TASK TO COMPLETE
This task calls for the lines below starting at the one containing "Diese raffinierte, extralange" and ending at the one containing "Brane cantenac 2011", repeated exactly with both ends kept and pictures left out.

DATASET EXCERPTS
==============================
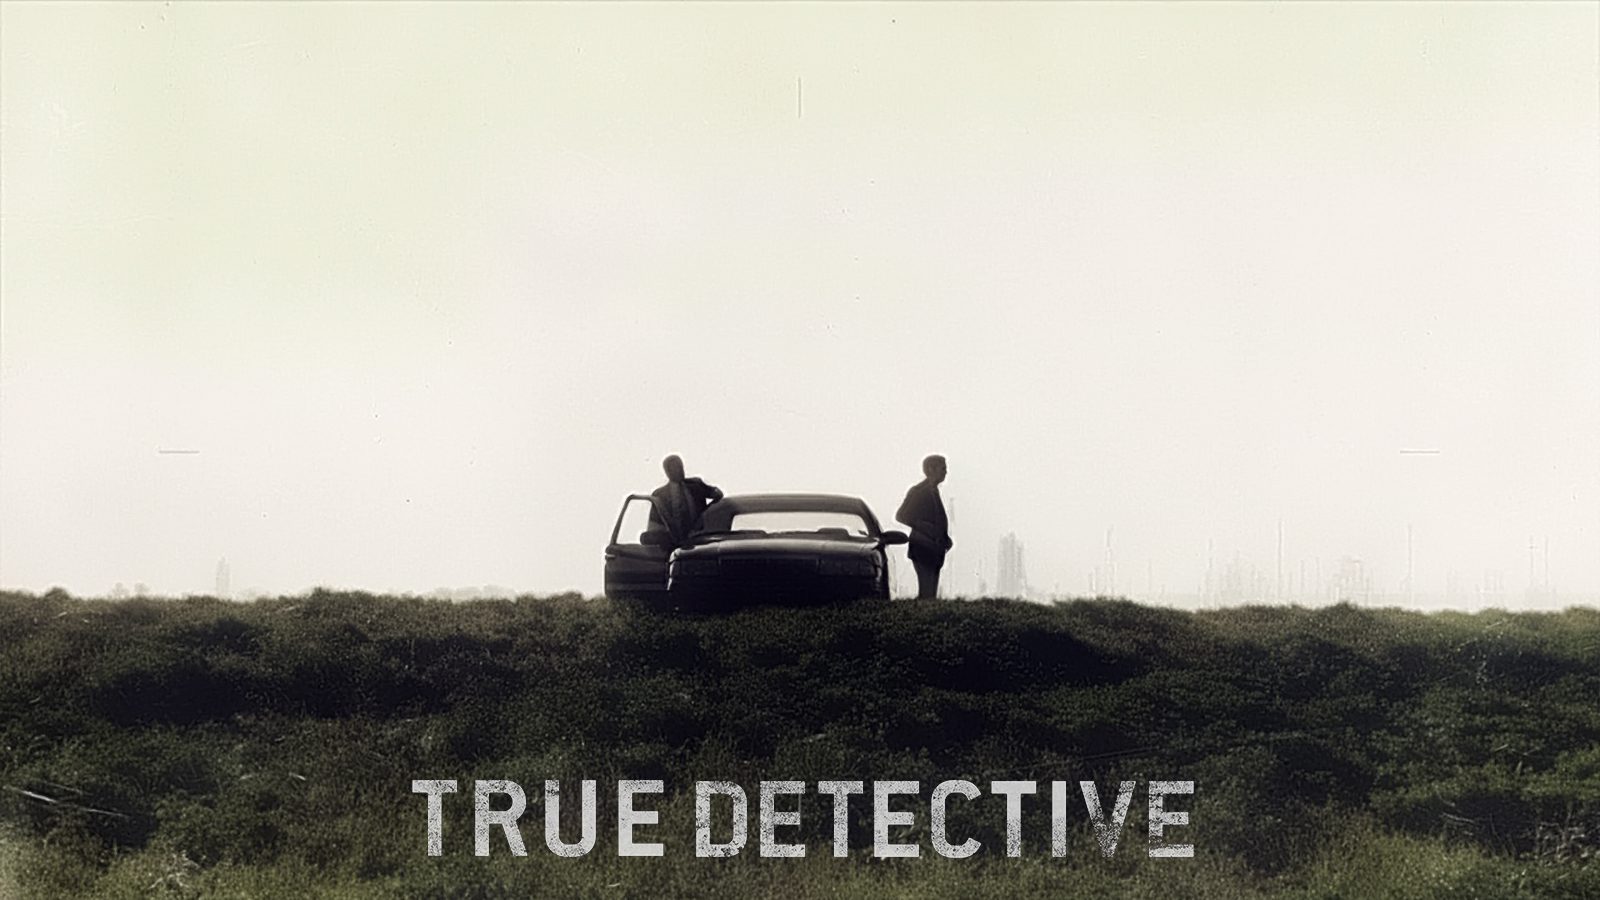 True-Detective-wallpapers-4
==============================
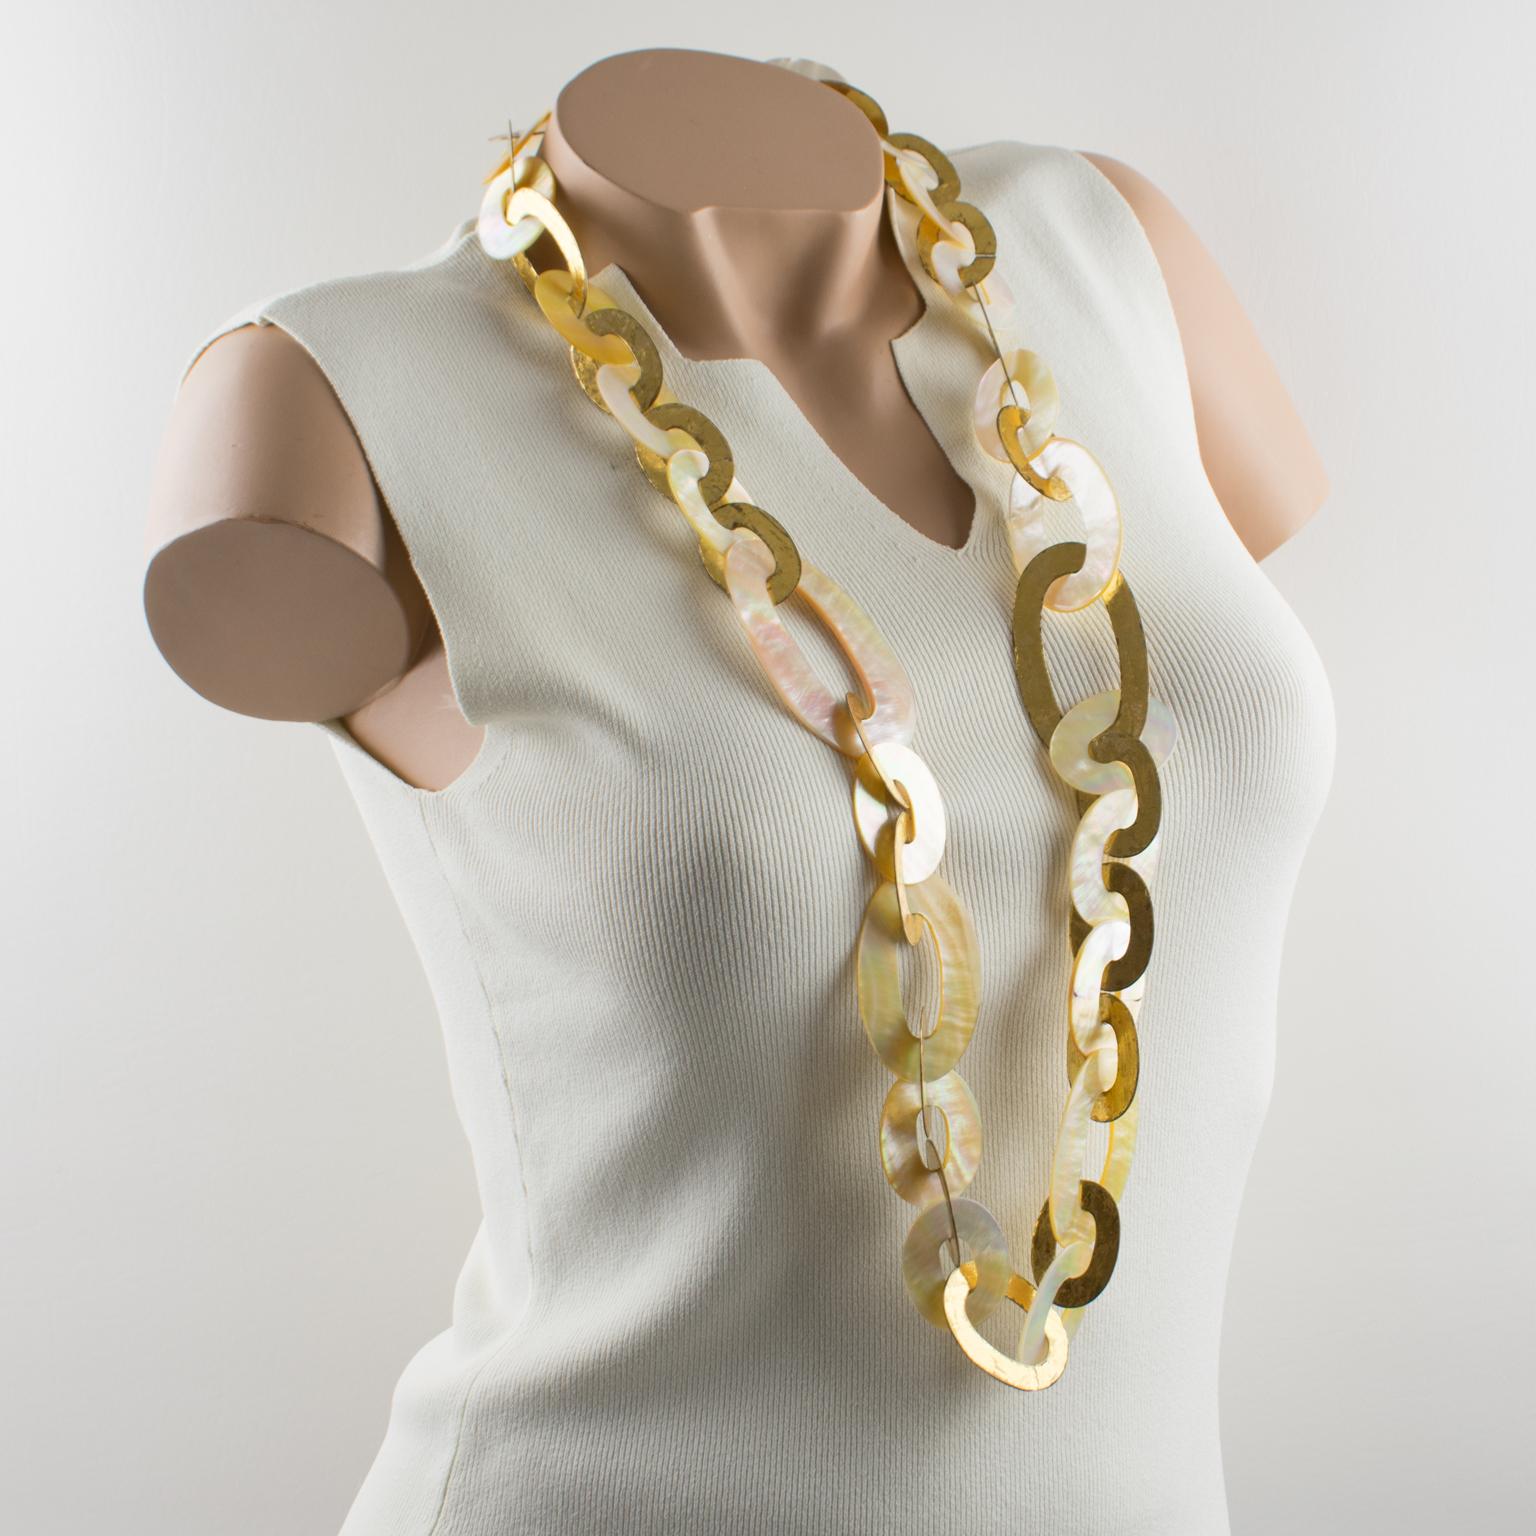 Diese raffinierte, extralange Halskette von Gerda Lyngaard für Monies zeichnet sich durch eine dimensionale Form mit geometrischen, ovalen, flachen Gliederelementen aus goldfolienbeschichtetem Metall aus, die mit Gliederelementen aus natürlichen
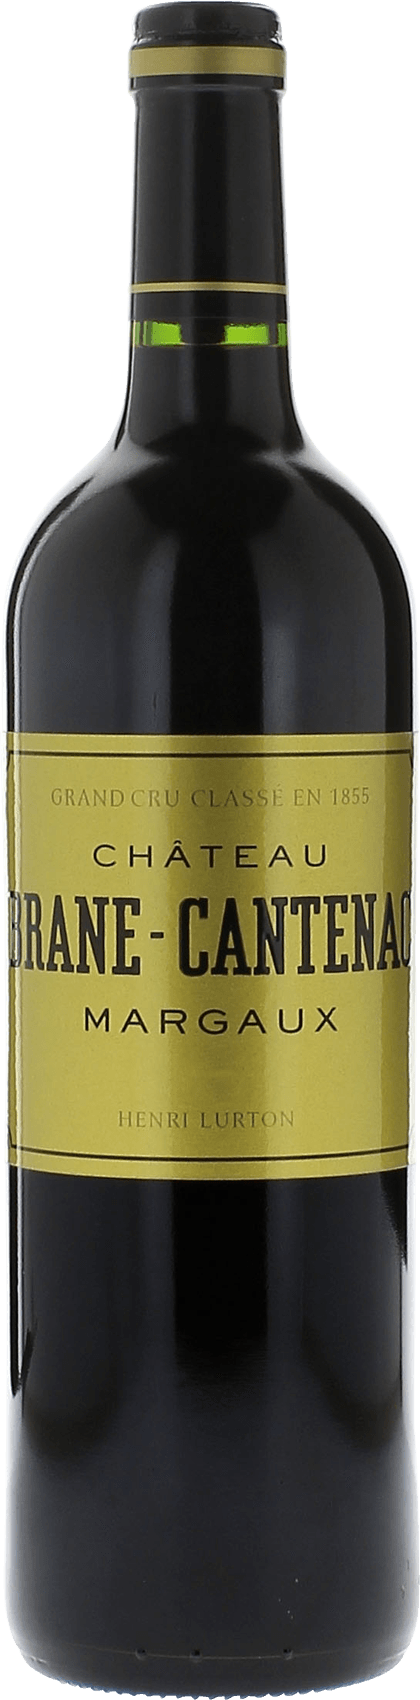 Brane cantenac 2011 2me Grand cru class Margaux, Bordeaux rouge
==============================
RESPONSE BELOW
 Diese raffinierte, extralange Halskette von Gerda Lyngaard für Monies zeichnet sich durch eine dimensionale Form mit geometrischen, ovalen, flachen Gliederelementen aus goldfolienbeschichtetem Metall aus, die mit Gliederelementen aus natürlichen
 Brane cantenac 2011 2me Grand cru class Margaux, Bordeaux rouge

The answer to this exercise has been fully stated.